L’HERITAGE COLONIAL FRANÇAIS, UN LABEL DE QUALITE POUR BARBANCOURT ?

L'étiquette d'avant: " , comme les grands cognacs,
dans l'esprit original de l'héritage colonial francais."
Il est loin, très loin le temps où on évoquait Haïti en utilisant des termes élogieux. Généralement les épithètes qui accompagnent et qualifient ce tiers d'île sont plutôt ternes et dévalorisants.
En 2010, lors de la ruée des ONGs au chevet du pays dévasté par le tremblement de terre, j'avais eu l'immense étonnement d'entendre un coopérant dire que « l'observation d'Haïti était d'une richesse incommensurable dans le cadre du post modernisme, dans la mesure où elle permettait de dénombrer avec une certaine aisance tout ce qu'il ne fallait pas faire »
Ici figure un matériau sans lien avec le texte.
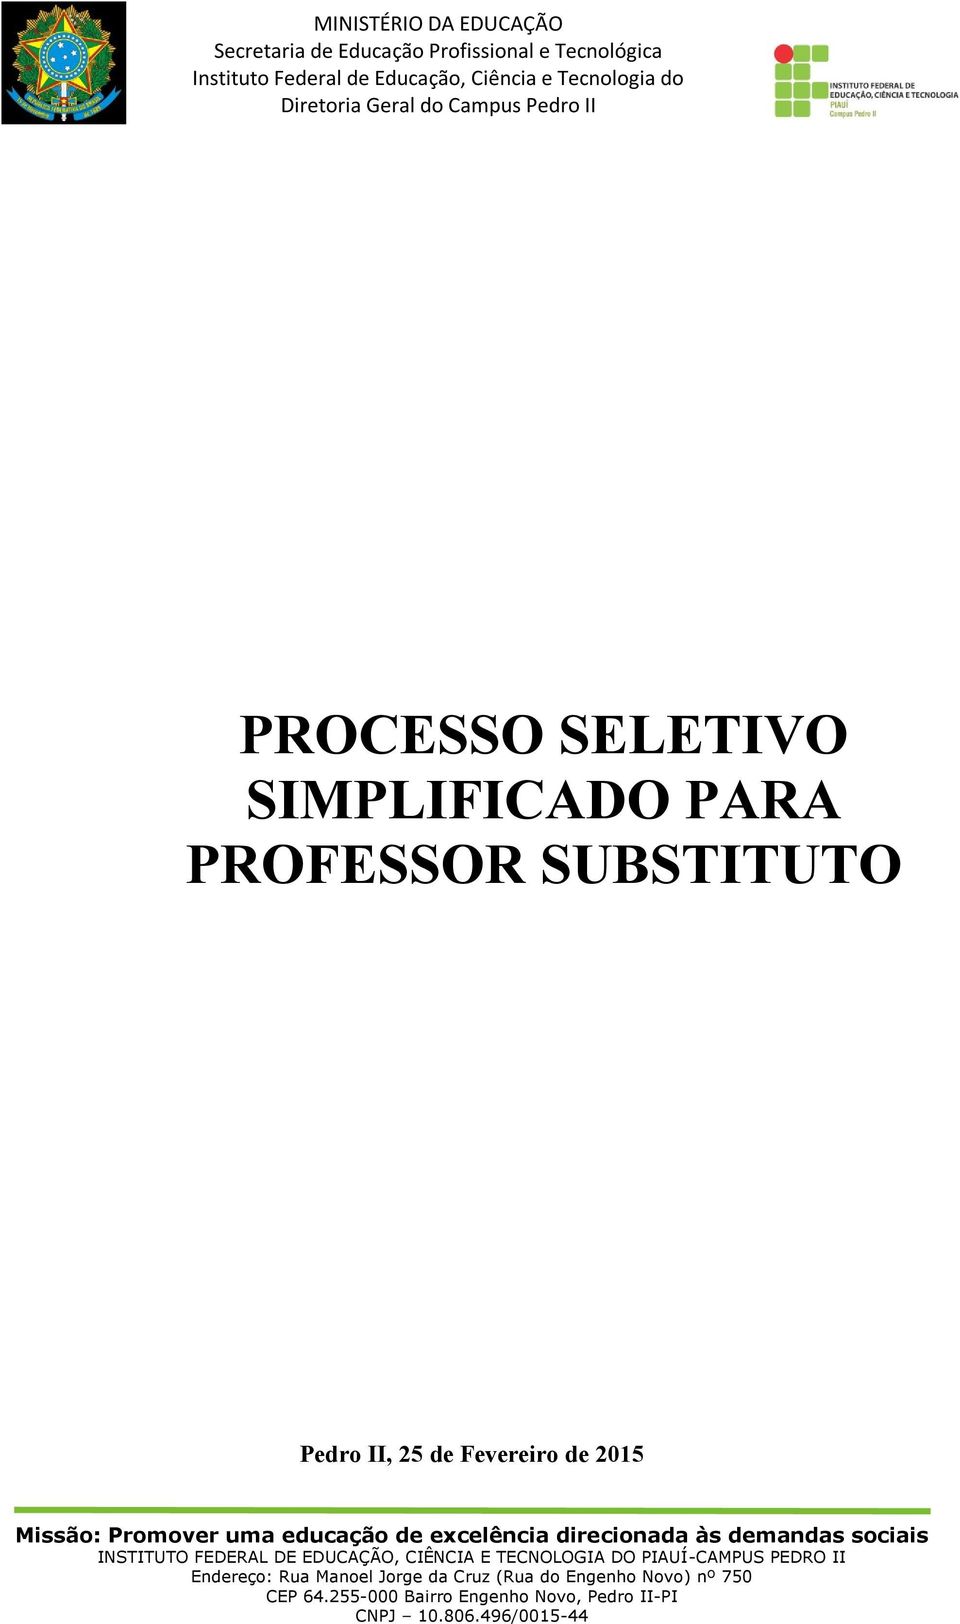 PROFESSOR SUBSTITUTO

Il m'avait tendu une perche brûlante, que je ne pouvais ignorer.
Ainsi je ne manquai pas de lui faire comprendre que, de son observation, dans le contexte d'une catastrophe humaine et humanitaire de cette envergure s'exhalaient les effluves cyniques d'un voyeurisme pervers caricatural.
L'impression généralisée semble nous dire et nous répéter que personne ne nous fera le moindre cadeau.
Pourtant Haïti, recroquevillée, courbée ou à genou, résiste.
Elle persiste malgré tout, à faire usage de cette résistance transformée en révolte qui a été au centre de sa genèse comme nation.
Elle résiste et perdure dans ce monde d’autrui ou les valeurs et les balises sont hiérarchisées en tenant compte d’un essentiel redéfini à l’aune d’intérêts divers.
Malgré les manœuvres de ceux qui se veulent des chantres de la liberté et des champions des droits de l'homme, un peuple de nègres qui rejeta la "chosification" et l'abêtissement pour revendiquer et faire valoir son humanité n'est grand que quelques fois, souvent dans le cadre d'une narrative historique démodée et dépassée.
Mais peut ne pas mériter l'attention portée à un temple et son joyau détruits par des extrémistes pseudo barbares.
Ainsi, nous autres les haïtiens, nous nous faisons le sacré devoir de nous attacher à Haïti, comme les fils dignes s'attachent à leur mère malgré sa pauvreté matérielle et spirituelle, malgré ses manques, ses ratés et ses défauts, malgré ses laideurs affreuses et horripilantes.
Nous nous accrochons à la moindre parure capable d'inspirer beauté et fierté.
Il y a quelques temps, un des quotidiens les plus lus d'Haïti, avait publié un article pour prendre la défense du rhum haïtien, le rhum Barbancourt.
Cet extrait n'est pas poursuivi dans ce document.